The Isle of Blood (The Monstrumologist #3)(86)



“I left it on the boat, sir,” I gasped.

“Come along, then, but we must hurry. There is someone I must see before we depart.”

He led me down a series of narrow, winding streets, a confusion of intersecting lanes hardly wider than forest paths, except here the trees were thin-trunked and branchless, and the dust puffed and boiled beneath our feet.

We turned a corner and came into an open-air market called a souq, a kind of bazaar where one might find practically anything—candies and curiosities (I saw more than one vendor hawking shrunken heads), liquor, tobacco, coffee, and clothing—including a variety of boater hats, though we could not find one that wasn’t at least three sizes too big for me. There was some comment made that the sun must have boiled all the moisture from my head. I didn’t care. The brim rested on my eyebrows, and the thing jiggled annoyingly when I made the slightest movement, but it blocked the hateful sun.

We left the market and retraced our steps to a smoky café not far from the docks. The patrons—they were all male—sat about in small groups, smoking sisha, a fruit-flavored tobacco, from ornate water pipes. Upon seeing my master, the proprietor rushed forward, clapping his hands furiously and shouting the name “Mihos! Mihos!” He wrapped the doctor in a tremendous rib-cracking hug.

“Look what the wind has blown in from the desert! Hullo, hullo, my old friend!” the man cried in nearly unaccented English.

“Fadil, it is good to see you again,” returned Warthrop warmly. “How is business?”

“As bad as that?”

“Worse! It is terrible! But it is always terrible, so what can I complain? But who is this hiding under the big white umbrella?”

“This is Will Henry,” replied the monstrumologist.

“Henry! James’s boy? But where is James?”

“Gone.”

“Gone?”

“Dead,” I put in.

“Dead! Oh, but that is terrible! Terrible!” Tears welled in his mud-colored eyes. “When? How? And you are his son?”

I nodded, and the hat bounced back and forth upon my heat-shrunken head.

“And now you take his place. Very large shoes to fill, little William Henry. Very large indeed!”

“Yes,” said Warthrop. “Fadil, my ship leaves in less than an hour, and there is something I must—”

“Oh, but that is terrible! You will come to my house for dinner, Mihos; take the next boat. Say yes; you will wound my feelings if you say no.”

“Then, I’m afraid I must wound them. Perhaps when—or if—I return…”

“If you return? If? What does this mean, if?”

The doctor peered about in the fragrant haze. Fadil’s customers seemed oblivious to our presence. Still…

“I will explain everything—in private.”

We followed him into the back room, a kind of gambling hall in miniature, where a very fat man was conducting a game of dice with two anxious, sweating, clearly overextended Belgians. They plunked down their silver, watched the dice tumble from the fat man’s wooden box, and then watched their silver disappear. Warthrop grunted in disapproval; Fadil waved his objection away.

“They’re Belgians, Mihos; they don’t care for nothing.
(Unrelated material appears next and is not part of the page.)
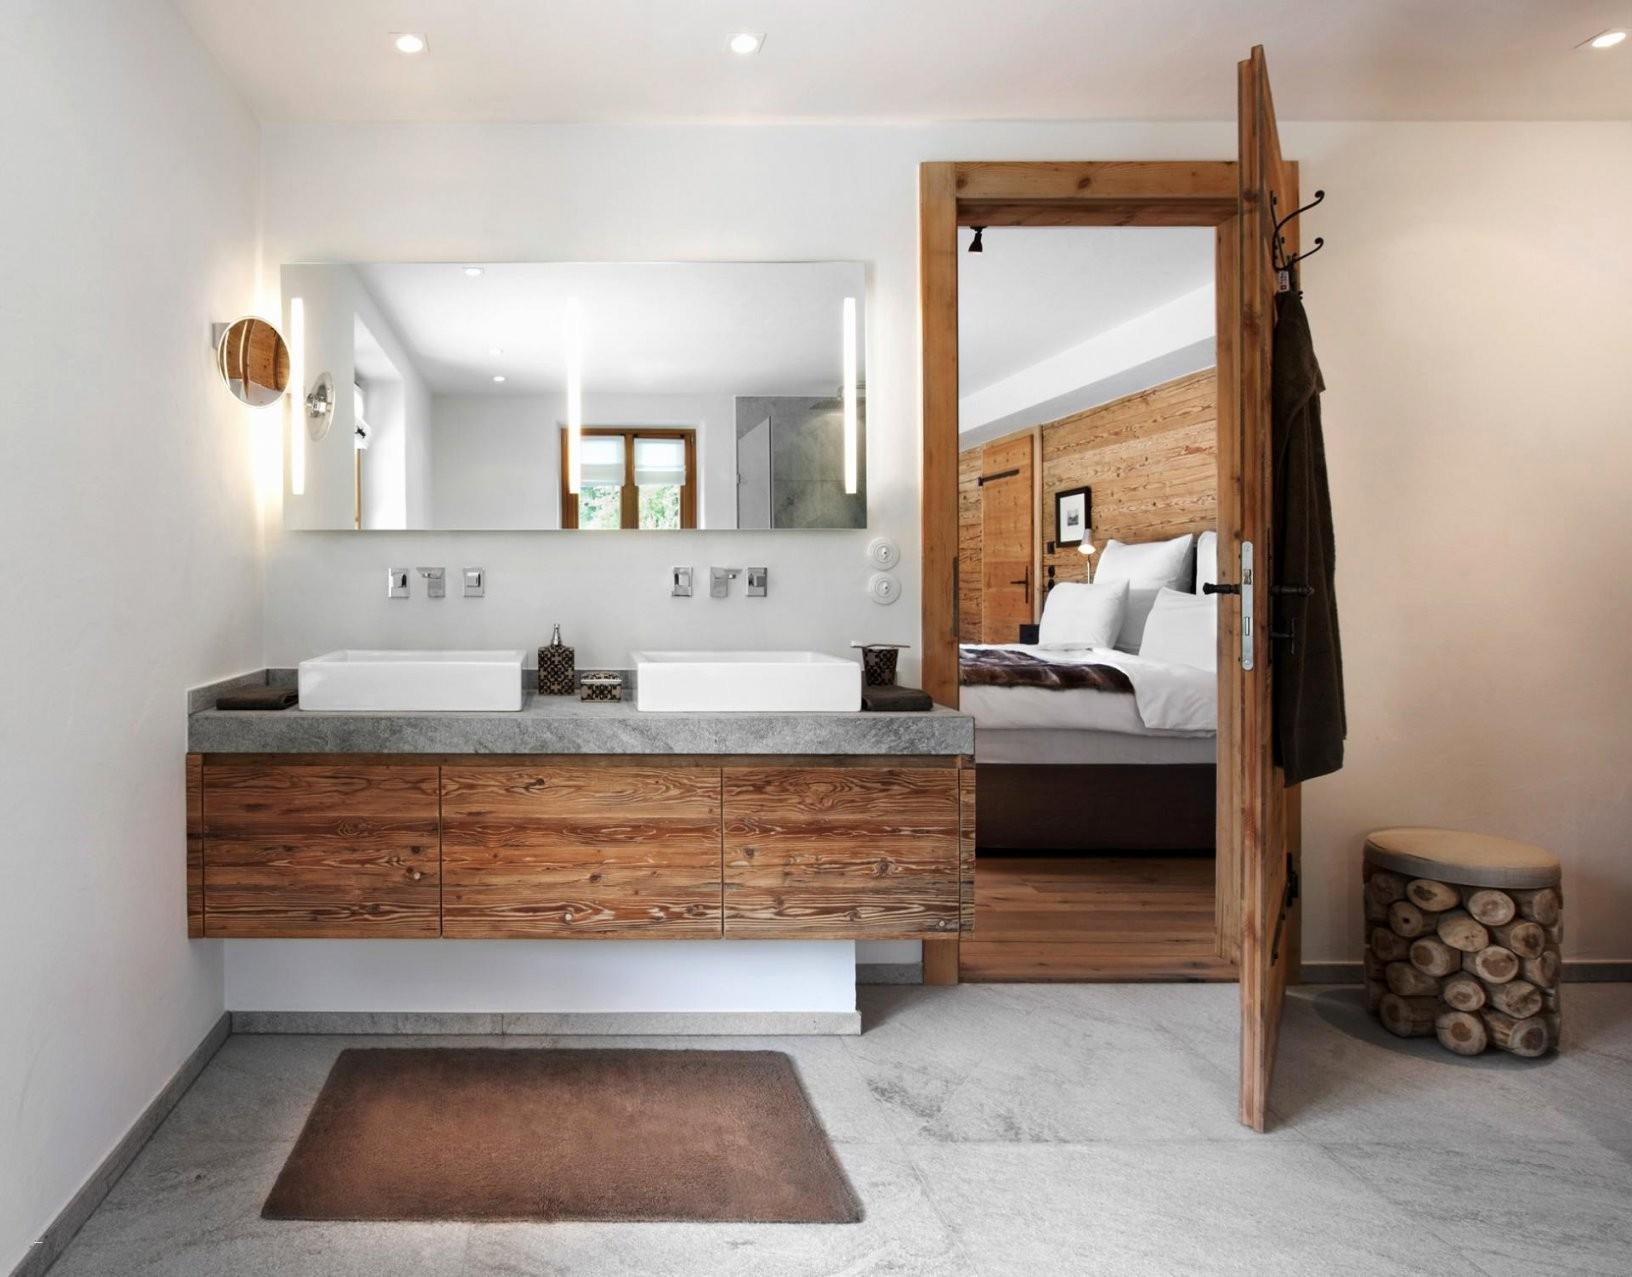 42 Aufnahme Badezimmer Renovieren Ideen  Eracollects von Badezimmer Umbau Fotos Ideen Photo

Sit; sit, in the corner there, where we cannot hear their cries of pain and sorrow. But this is terrible; where has my mind gone? I will bring you some tea—I have Darjeeling!—and a lassi for William.”

“I’ve really no time for tea, Fadil,” said my master politely.

“What? No time for tea? You, Mihos? Then, your business in Egypt, like mine, must be truly terrible.”

The monstrumologist nodded. “In nearly every aspect.”

“What is it this time? Smugglers again? I told you to stay away from those scum, Mihos.”

“My trouble has to do with scum from an entirely different pond, Fadil. Okhranka, the czar’s secret police.”

“Russians? But this is terrible! What have you done to the czar?”

Warthrop smiled. “Let us say my interests conflict with his.”

“Oh, that is not good—for the czar! Ha!” He leaned his forearms on the table; his eyes glimmered eagerly. “What can Fadil do for his good friend Mihos?

“There are two of them,” the doctor replied. He described Rurick and Plešec. “I managed to avoid them in London and Venice, but they can’t be more than a few hours behind me.”

“And their boat will stop here to take on coal and supplies.” Fadil was nodding grimly. “Leave everything to me, Mihos. These two have seen their last sunrise!”

“I don’t want you to kill them.”

“You don’t want me to kill them?”

“Killing them would only bring you more trouble. In a week Port Said would be drowning in a plague of Ruricks and Plešecs.”

Fadil snorted and smacked his fist into his open palm, an Arabic gesture of contempt. “Let them come. I have no fear of Russians.”

“You’ve not met these Russians. They are sons of Sekhmet the destroyer.”

“And you are Mihos the lion, guardian of the horizon, and I am Menthu, god of war!” He turned his sparkling brown eyes upon me. “Who shall you be, son of James Henry? Your father was Anubis, weigher of men’s hearts. Shall you be Ophois, his son, who opens the way to victory?”